The term crowdlending is just a fancy way of explaining the situation in which many investors come together on financing a loan instead of just a single banking institution. 

The P2P platforms operate at a rather cheap overhead than the traditional financial institutions and do not charge heavy fees. 

The earliest form of crowdlending emerged in the United Kingdom in 2005. The first P2P platform was Zopa, which has issued loans worth about 2 billion pounds since inception. 

Crowdlending is a relatively new investment concept that is gaining more popularity and attention across the world. In Europe, where the sector was born, it is growing extremely fast and has begun to establish itself positively.

How crowdlending works 

In simple words, crowdlending works through a platform that matches the borrower with the lenders. Through the platform, you will be able to access everything you need to know about the investment, the loan originator itself, the borrower, risks, returns, as well as creditworthiness.

In some instances, especially when short terms loans, car loans, personal loans, are concerned, the loan originator has already established the fund and approved the borrower. 

To simply put, the loan originator invites the investors on the P2P platform to fund the loan and will provide a share of the return for the investment (interest). 

If you are an investor, you don’t have to sweat over a central bank directly influencing your returns, which is always the case with bank savings or debts. You also get a detailed insight into the investment before proceeding. 

As we mentioned above, you can typically expect a return of between 12% and 14% per year on average with some type of security such as property, buyback guarantee, etc. 

Regardless of the amount you invest, you can always still invest small amounts in each loan. This way, you will have less invested in a single loan; therefore you minimize the risk and become more diversified. 

So, which is better for the five forms of crowdfunding? 

Let’s find out by explaining each category.
  • Reward-based crowdfunding 
This is the most popular and well-known form of crowdfunding. The best example of a reward-based crowdfunding platform is Kickstarter. 

Under this model, the owner of the project creates a campaign to fund their product and offer investors or backers rewards in exchange for their donations. The said rewards can be in any form, but usually are things such as advanced copies of your product, newsletter updates, behind-the-scene business tour, or commemorative t-shirts. 

The campaign can either be: 

Flexible – where you keep all the monies that you have raised, or 
All or nothing – where you don’t get anything if you don’t attain your fundraising goal. 

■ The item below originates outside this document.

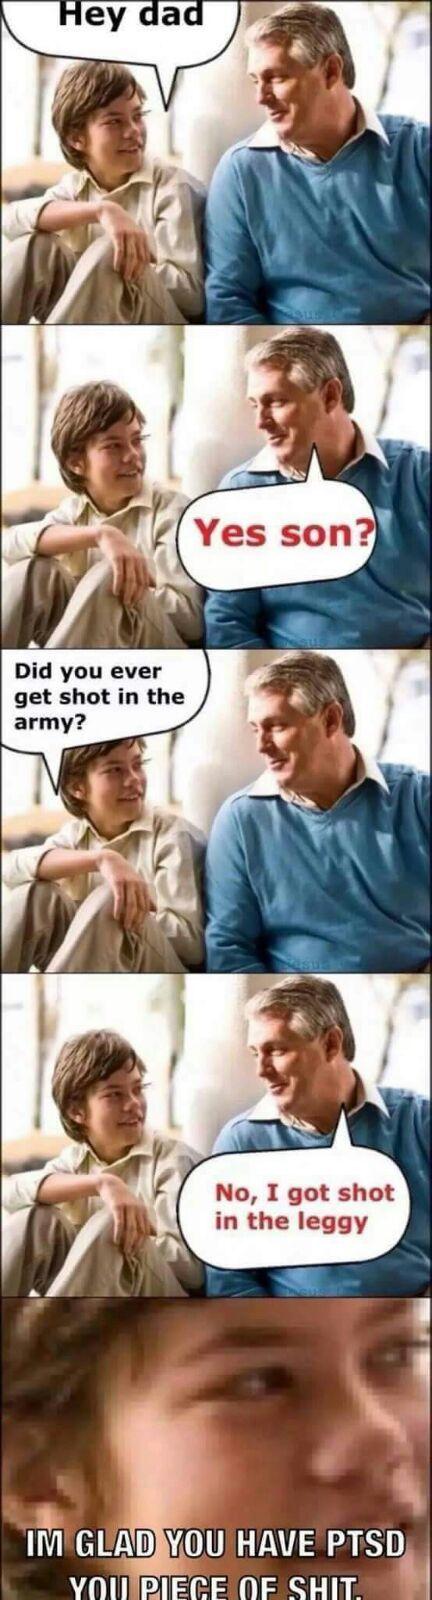 Just dad jokes - meme
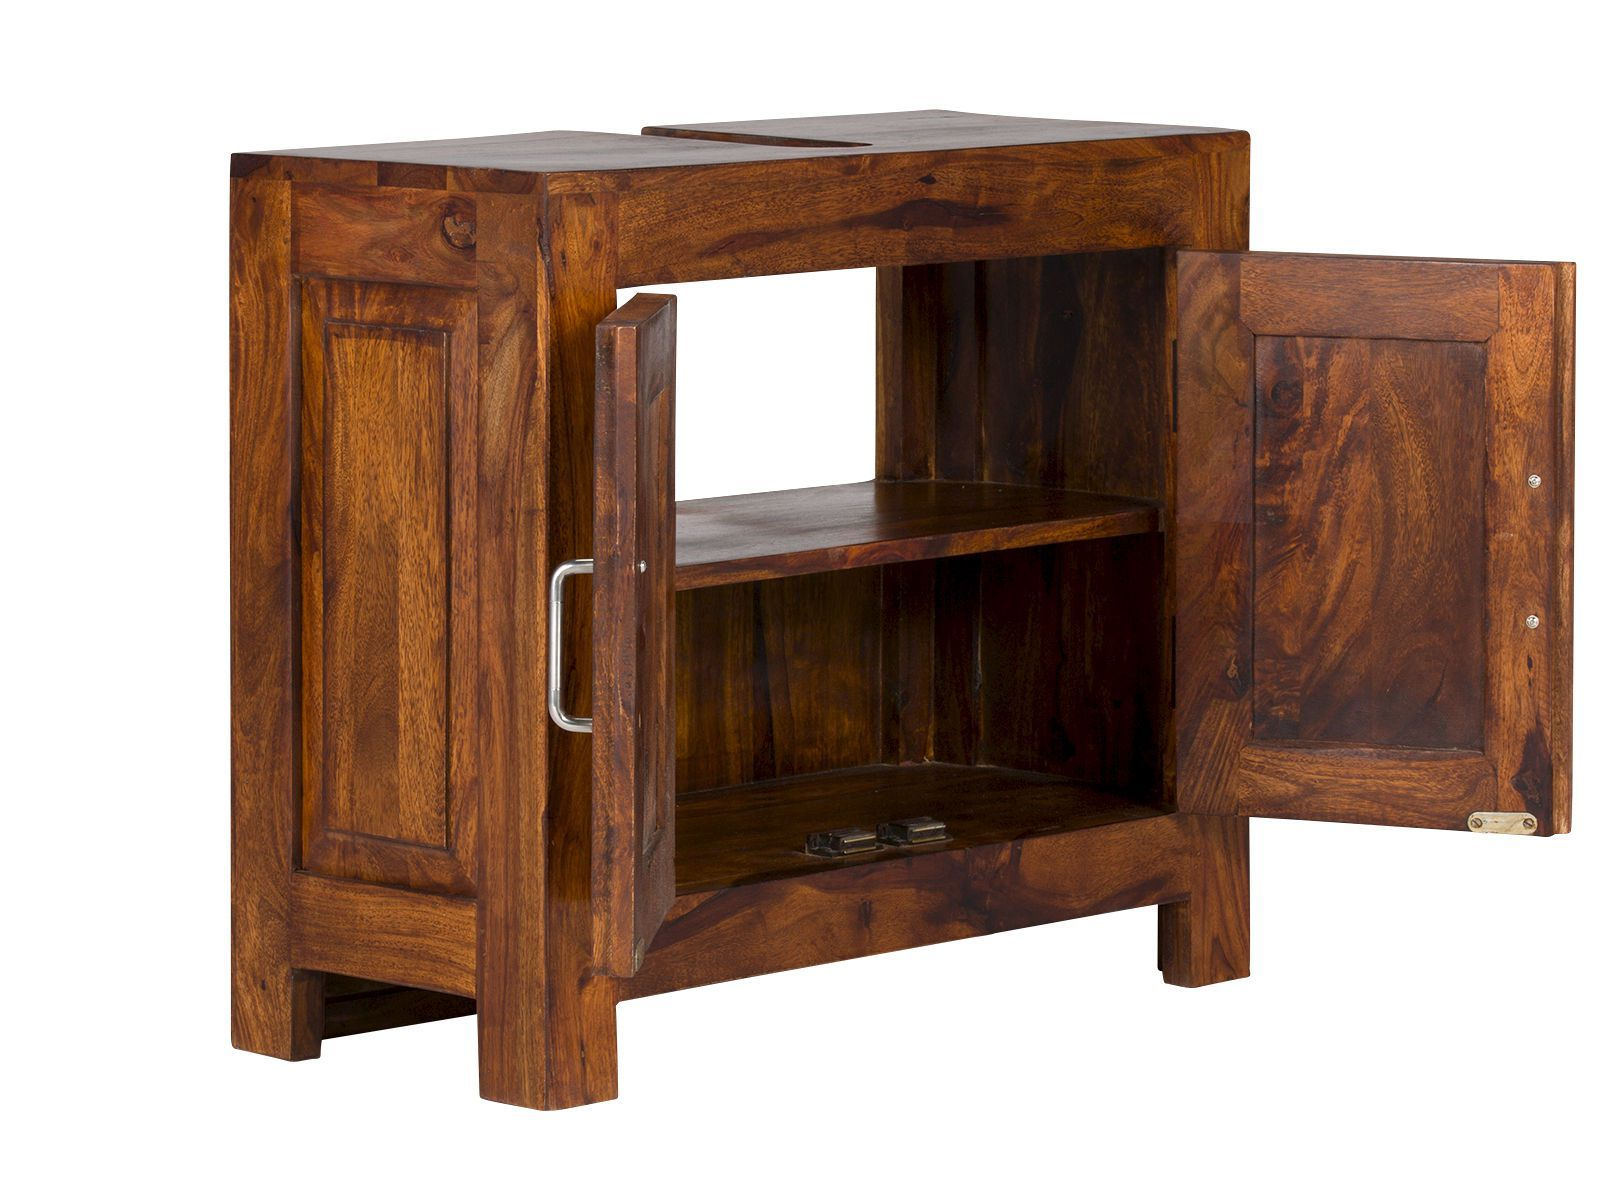 Waschbeckenunterschrank-Cubus-aus-massivem-Palisanderholz-braun ...

Equity crowdfunding or crowd investing

In this form of crowdfunding, you don't offer rewards. Instead, as the name suggests, the investors acquire part of the business in the form of equity. This form of crowdfunding is essentially like angel investing. 

It is estimated that by 2022, crowd investing will put around $31.3 billion in the pockets of the entrepreneurs from the current $11.2 billion. 

Unlike the first form of crowdfunding where you can raise funds without any restrictions, in crowdlending investing, you must have started to generate revenue with your product. For this reason, you may have a hard time convincing investors to join your project than other forms of crowdfunding. 

Donation-based crowdfunding 

With donation-based crowdfunding, investors or backers donate money to your project without expecting anything in return. 

Invoice trading 

Investors buy unsettled invoices of a business at a discount and in return, receive the difference between what they pay for the particular invoices and the amounts stated on the invoices themselves.